_TASK DESCRIPTION_
Please, without any pictures, set down exactly the part of the listing below that opens with the line containing "MOD-by-Monique-Fashion-Looks-MBFWB-Look-4" and closes with the line containing "Common Ostrich (Struthio".

_PROVIDED DATA_

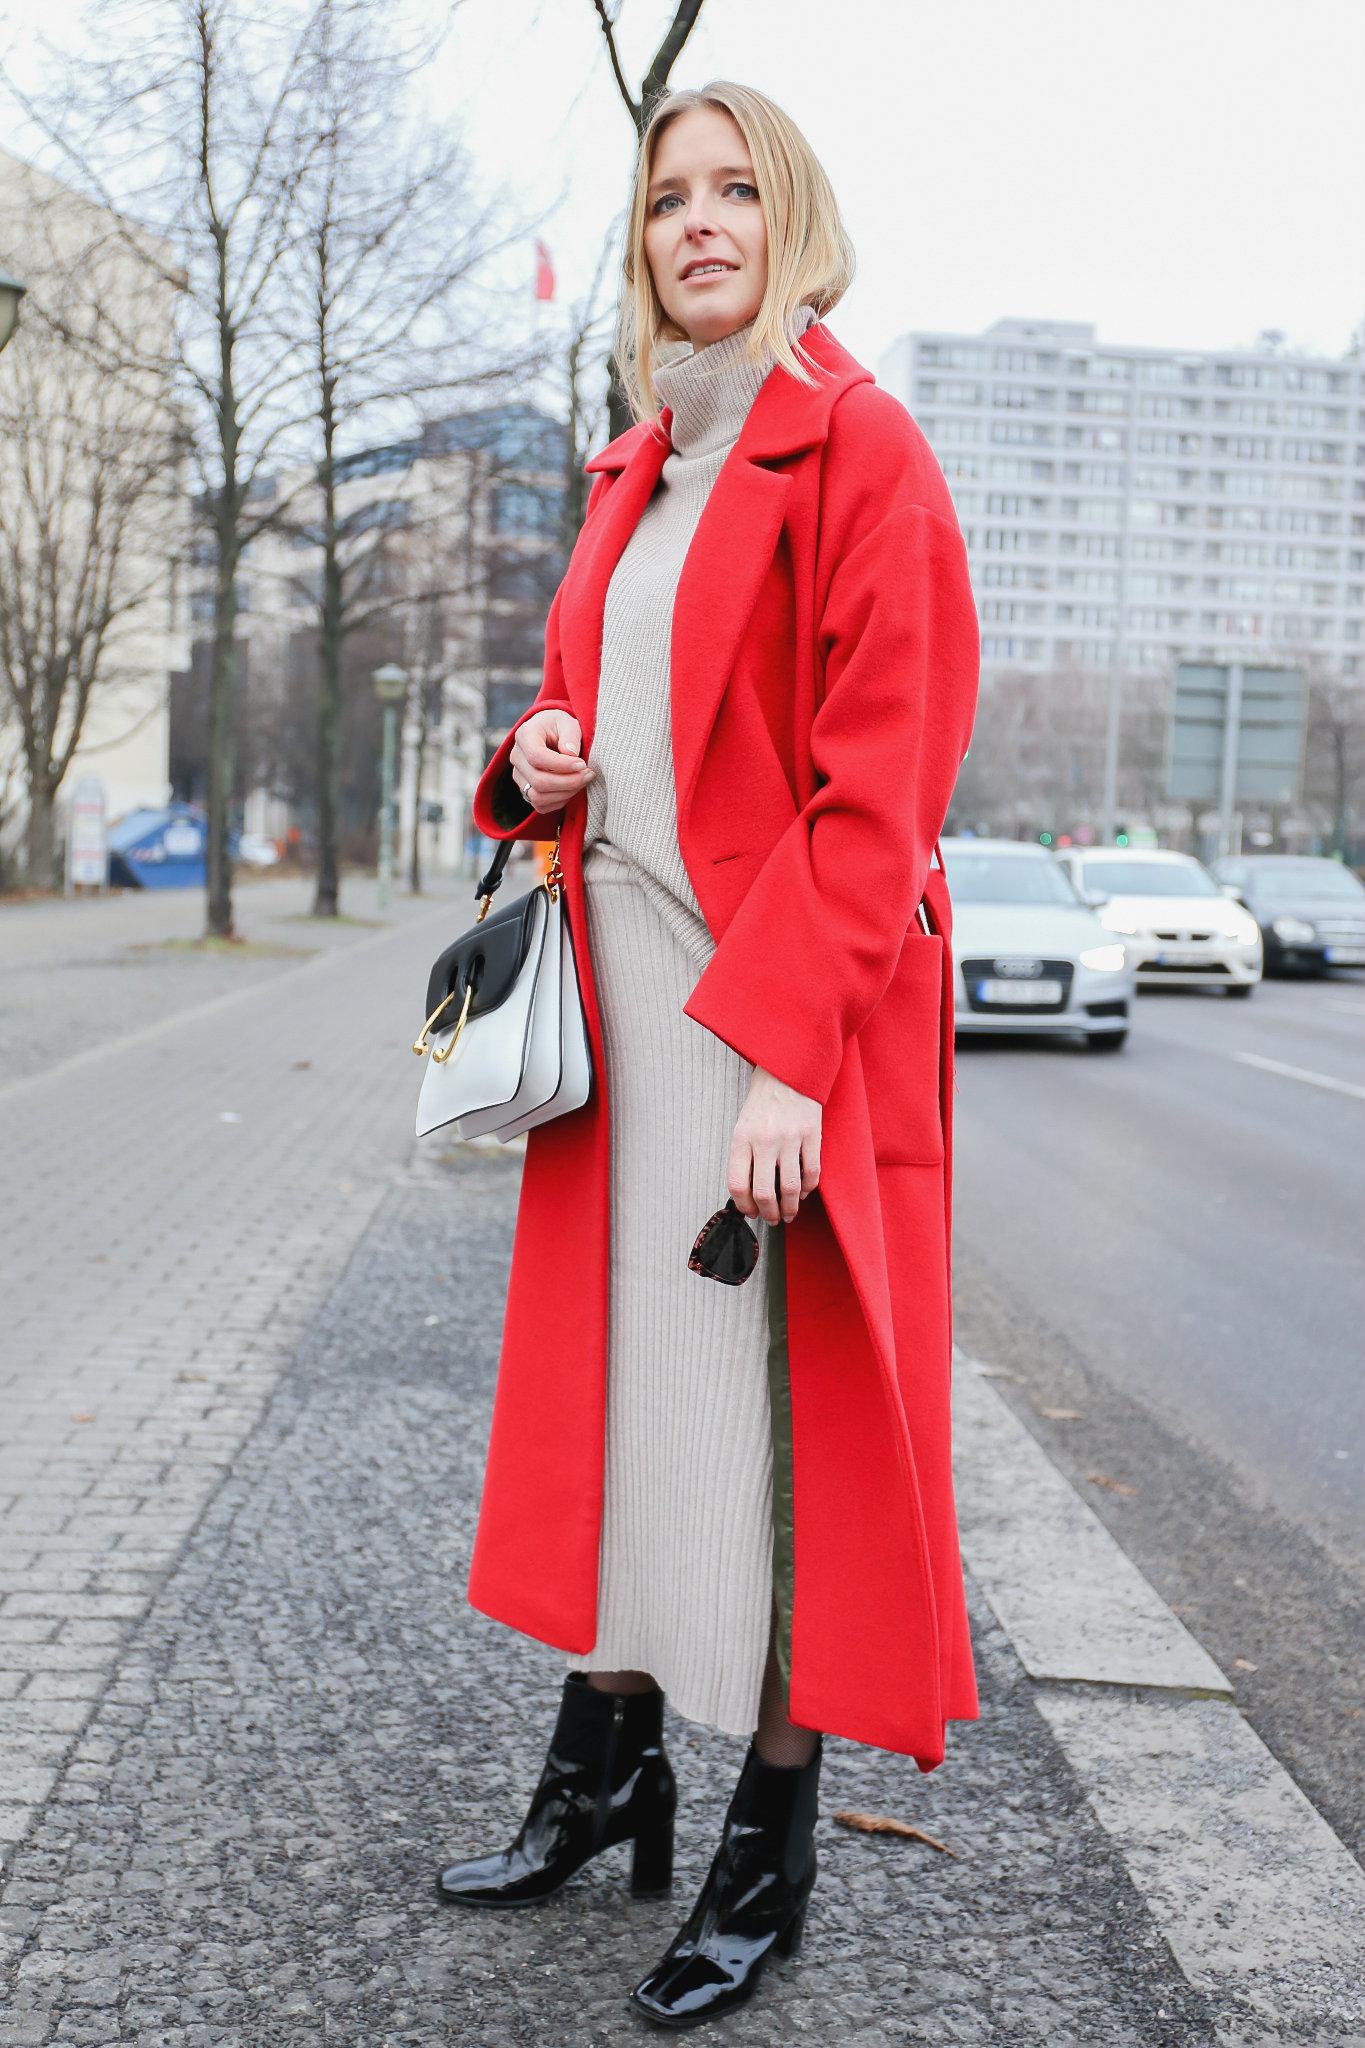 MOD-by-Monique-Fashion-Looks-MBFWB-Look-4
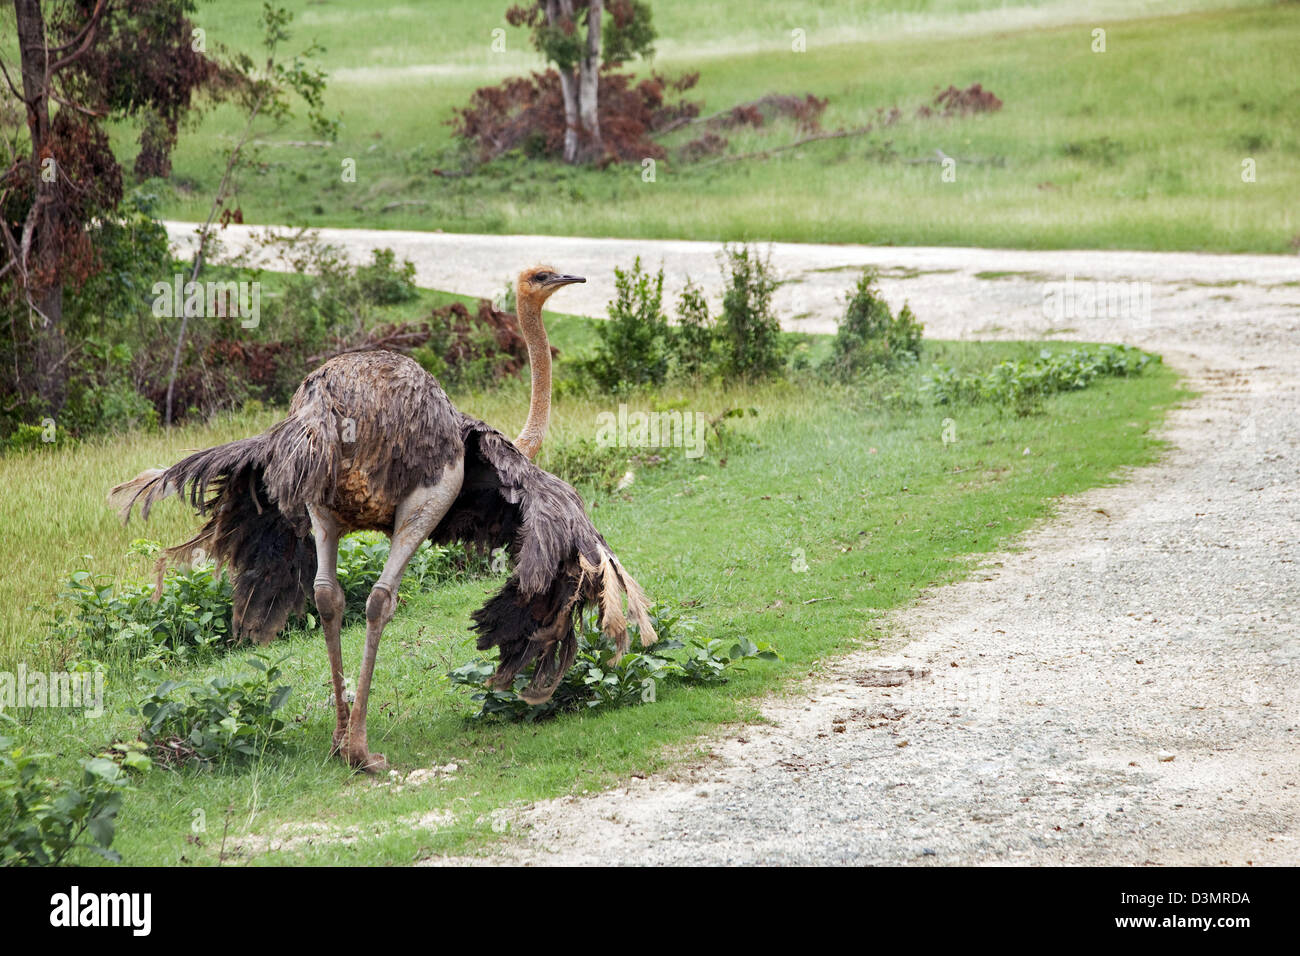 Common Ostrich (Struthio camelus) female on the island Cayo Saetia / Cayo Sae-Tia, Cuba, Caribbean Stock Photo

==

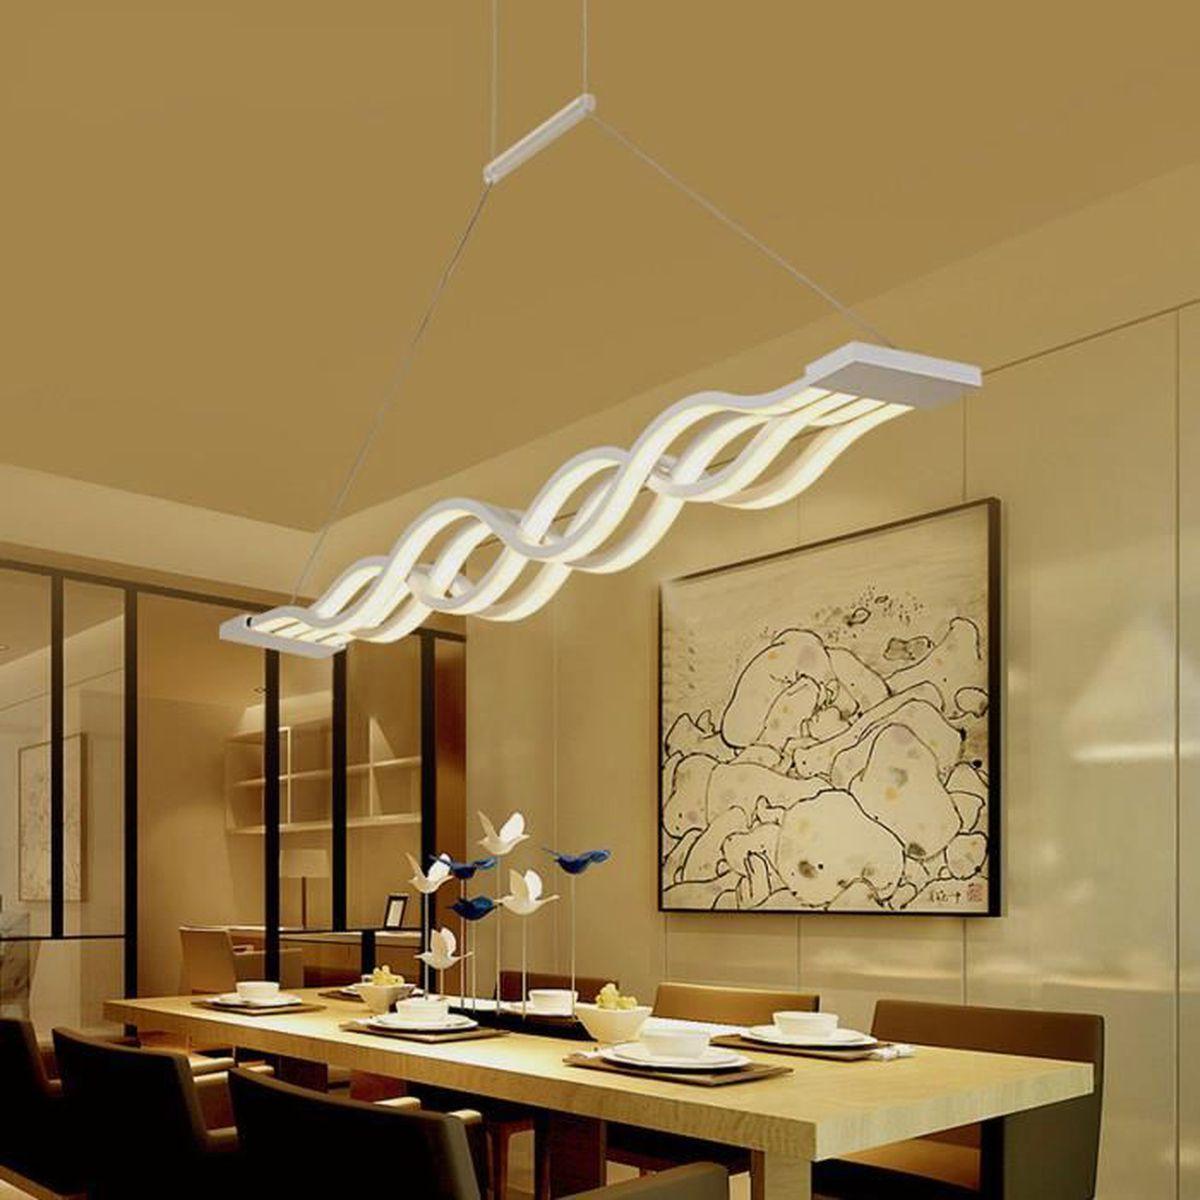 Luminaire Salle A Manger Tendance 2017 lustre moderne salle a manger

_REPLY_
 MOD-by-Monique-Fashion-Looks-MBFWB-Look-4
 Common Ostrich (Struthio camelus) female on the island Cayo Saetia / Cayo Sae-Tia, Cuba, Caribbean Stock Photo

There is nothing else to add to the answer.